问题
Below I created a full reproducible example to compute the topic model for a given DataFrame.
import numpy as np
import pandas as pd
data = pd.DataFrame({'Body': ['Here goes one example sentence that is generic',
'My car drives really fast and I have no brakes',
'Your car is slow and needs no brakes',
'Your and my vehicle are both not as fast as the airplane']})
from sklearn.decomposition import LatentDirichletAllocation
from sklearn.feature_extraction.text import CountVectorizer
vectorizer = CountVectorizer(lowercase = True, analyzer = 'word')
data_vectorized = vectorizer.fit_transform(data.Body)
lda_model = LatentDirichletAllocation(n_components=4,
learning_method='online',
random_state=0,
verbose=1)
lda_topic_matrix = lda_model.fit_transform(data_vectorized)
Question: How is it possible to filter documents by topic? If so, can documents have multiple topic tags, or is a threshold needed?
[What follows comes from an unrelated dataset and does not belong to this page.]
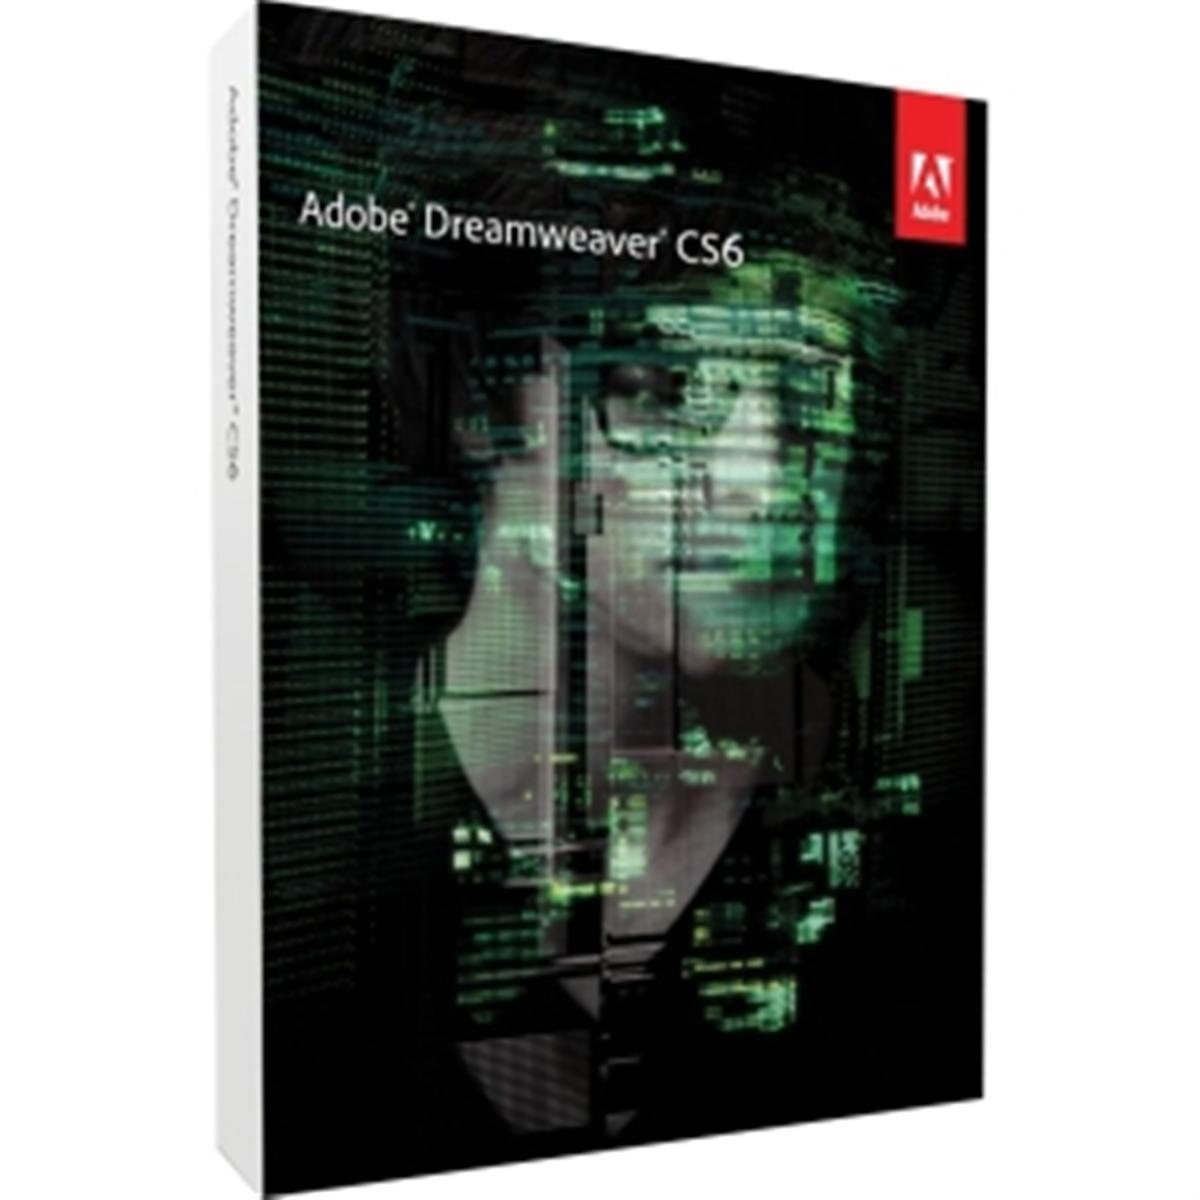 adobe dreamweaver cs6 single link

In the end, I like to tag every document with "1" depending on whether it has a high loading of topic 2 and topic 3, else "0".
回答1:
lda_topic_matrix
contains distribution of probabilities of a document to belong to specific topic/tag. In human it means that each row sums to 1, while the value at each index is a probability of that document to belong to a specific topic. So, each document does have all topics tags, with different degree. In case you have 4 topics, the document that has all tags equally will have a corresponding row in lda_topic_matrix
similar to
[0.25, 0.25, 0.25, 0.25]
. And the row of a document with only single topic ("0") will become something like [0.97, 0.01, 0.01, 0.01]
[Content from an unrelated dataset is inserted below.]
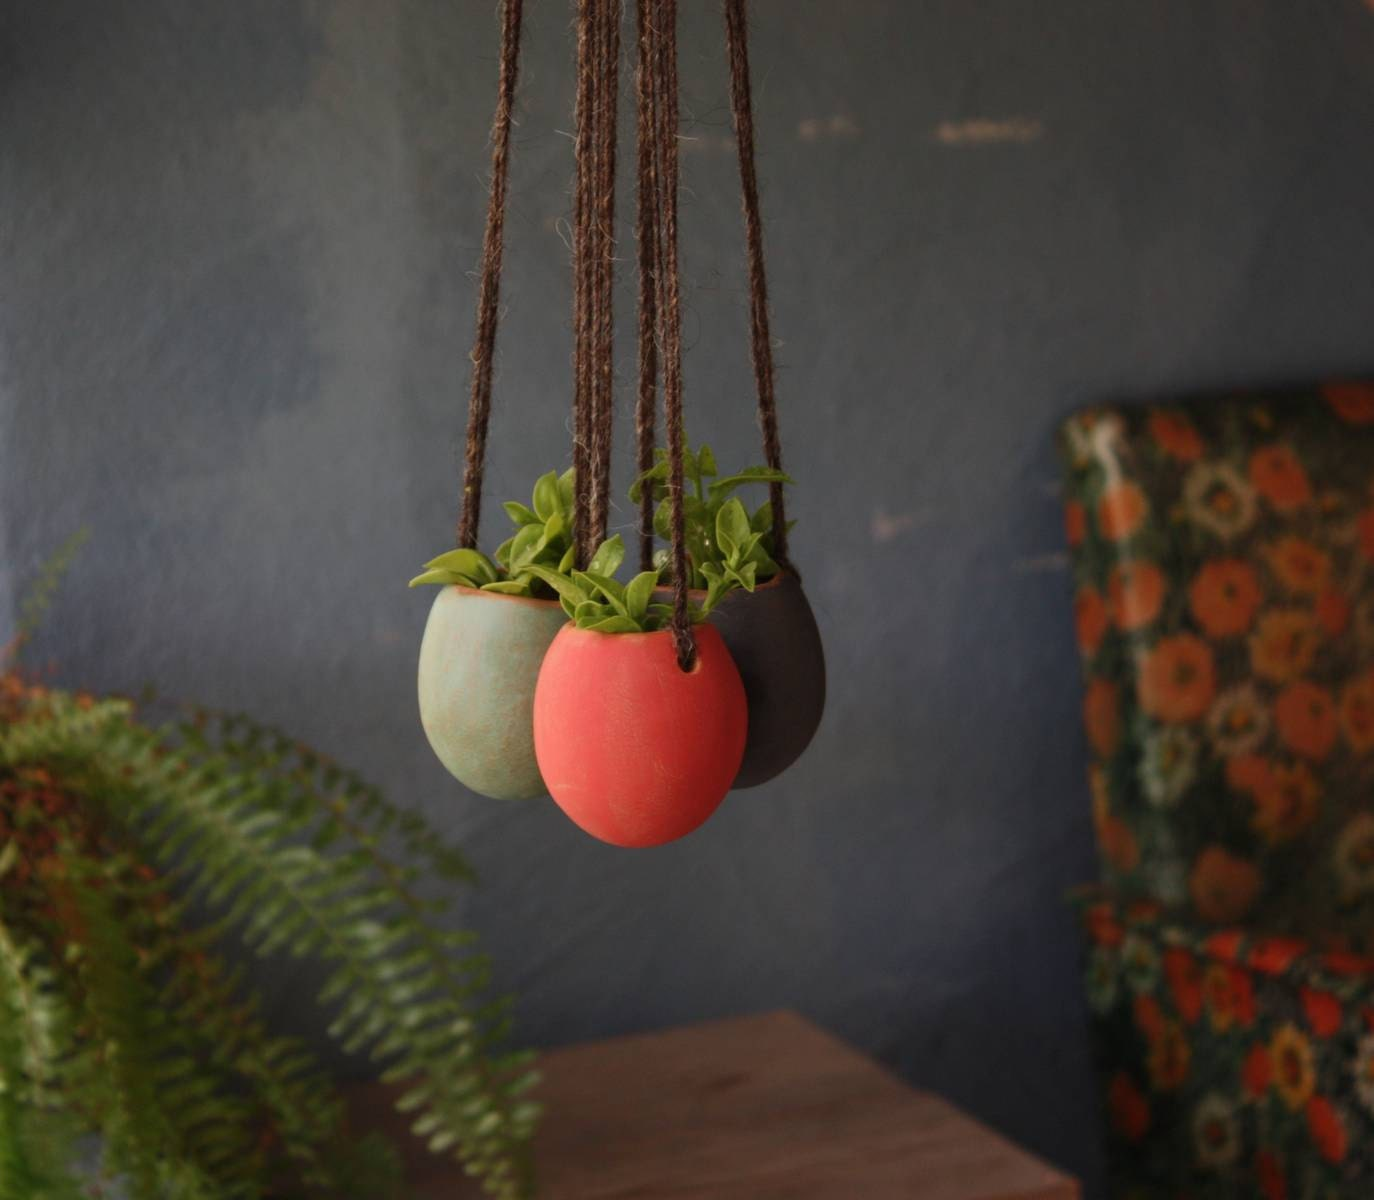 Vasi sospesi in ceramica fatti a mano ideali per piante for Vasi sospesi per piante

and document with two topics ("1" and "2") will have a distribution like [0.01, 0.54, 0.44, 0.01]
So the most simplistic approach is to select the topic with the highest probability and check whether it is 2
or 3
:
main_topic_of_document = np.argmax(lda_topic_matrix, axis=1)
tagged = ((main_topic_of_document==2) | (main_topic_of_document==3)).astype(np.int64)
This article provides a good explanation on inner mechanics of LDA.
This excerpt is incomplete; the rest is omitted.